En cas de condamnation, ces personnes sont-elles soumises à un régime spécifique d’application des peines ?

Depuis la loi du 3 juin 2016, seules les juridictions parisiennes d’application des peines sont compétentes pour prendre les décisions concernant les personnes condamnées pour terrorisme (art. 706-22-1 CPP).

Par ailleurs, l’article 726-2 du code de procédure pénale permet  de prévoir une prise en charge spécifique des délinquants terroristes « au sein d’une unité dédiée ». Cette mesure a pour objectif de permettre la déradicalisation en milieu carcéral. Elle est permise lorsque le comportement du détenu « porte atteinte au maintien du bon ordre de l’établissement ». Une nouvelle fois, la rédaction du texte est floue : quels sont les critères pris en compte pour se prononcer sur la radicalisation du détenu ? N’est-ce pas dangereux de « rassembler » les personnes radicalisées dans ces unités dédiées ? Ne favorise-t-on pas, dans ce cas, le contact entre ces personnes les conduisant à être radicalisées davantage ?

En outre, si une personne condamnée pour terrorisme peut demander une libération conditionnelle, cette dernière ne peut être accordée que par le tribunal de l’application des peines ou après avis d’une commission chargée de procéder à une évaluation pluridisciplinaire de la dangerosité de la personne condamnée (art. 730-2-1 CPP).
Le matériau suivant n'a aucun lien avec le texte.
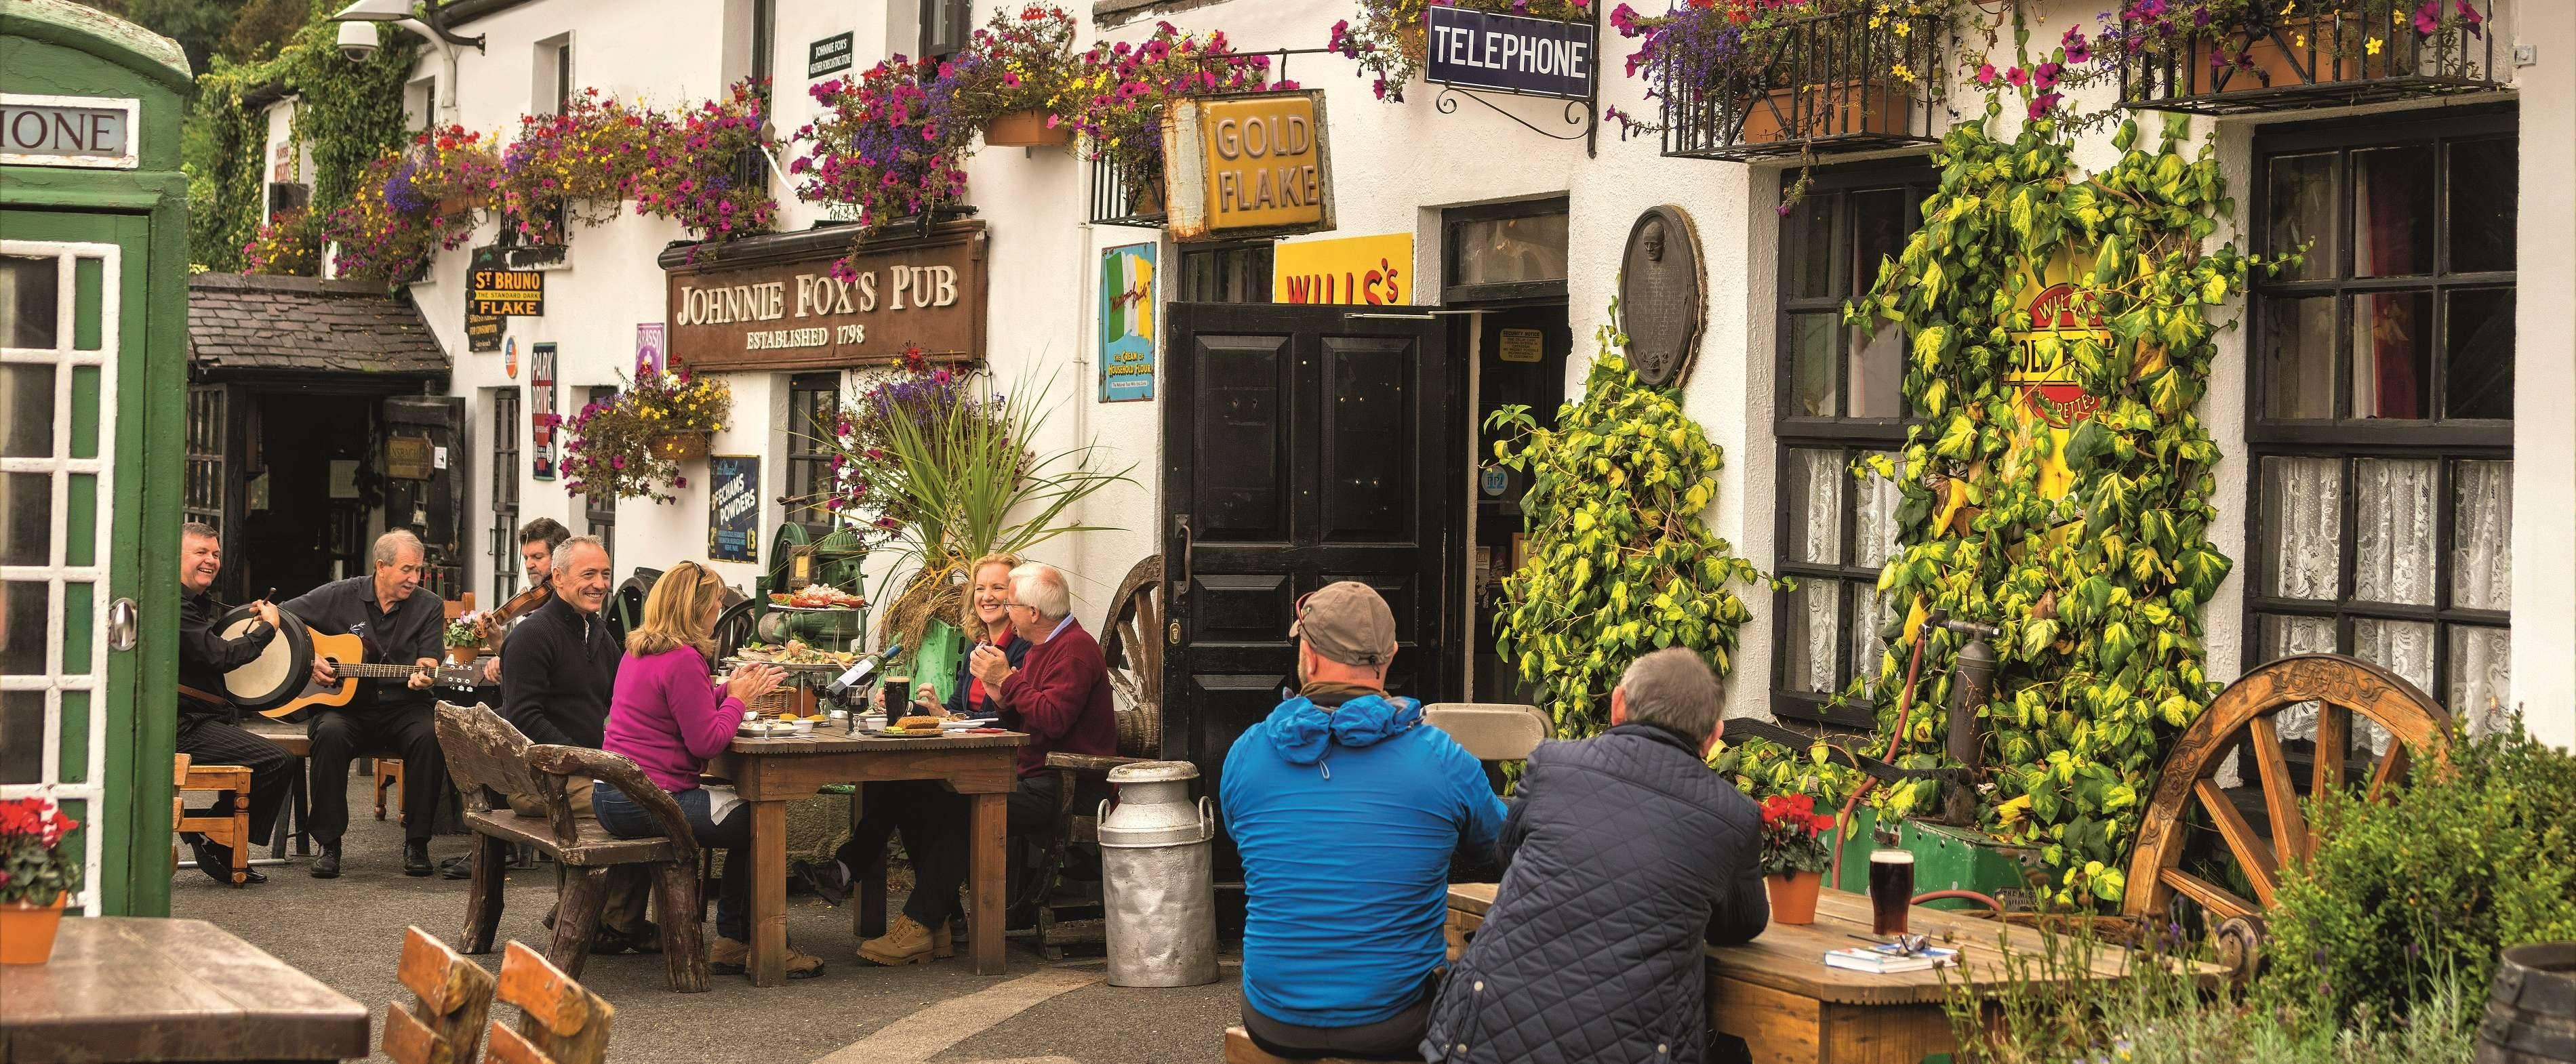 Irland - Dublin - Johnnie Foxs Pub

Quant à la possibilité de profiter d’un aménagement de la peine, si elle n’est pas exclue, elle demeure difficile à mettre en œuvre. D’un côté, il est possible de porter la durée de la période de sûreté à 30 ans et, d’un autre côté, cette durée ne peut être réduite que dans des conditions strictes (art. 720-5 CPP) – par exemple, le condamné doit avoir subi une incarcération d’une durée au moins égale à 30 ans, et l’avis des victimes ayant la qualité de parties civiles est recueilli tout comme celui d’un collège de 3 experts médicaux. Certains auteurs évoquent alors le retour de la perpétuité réelle : un Français parti « faire le djihad » à l’étranger et qui souhaite retourner en France risque de passer le reste de sa vie en prison. Et il ne faut surtout pas s’en inquiéter : si le sort de ces personnes est loin d’être respectueux des droits fondamentaux, celui de leurs proches (présomption de complicité ?) ou de ceux qui peuvent s’inquiéter de leur sort n’en est pas moins compromis. On relève, par exemple, que le fait de s’intéresser au sort d’un terroriste constitue une infraction (apologie du terrorisme) passible d’une peine d’emprisonnement (Cass. crim., 25 avril 2017, n° 16-83331).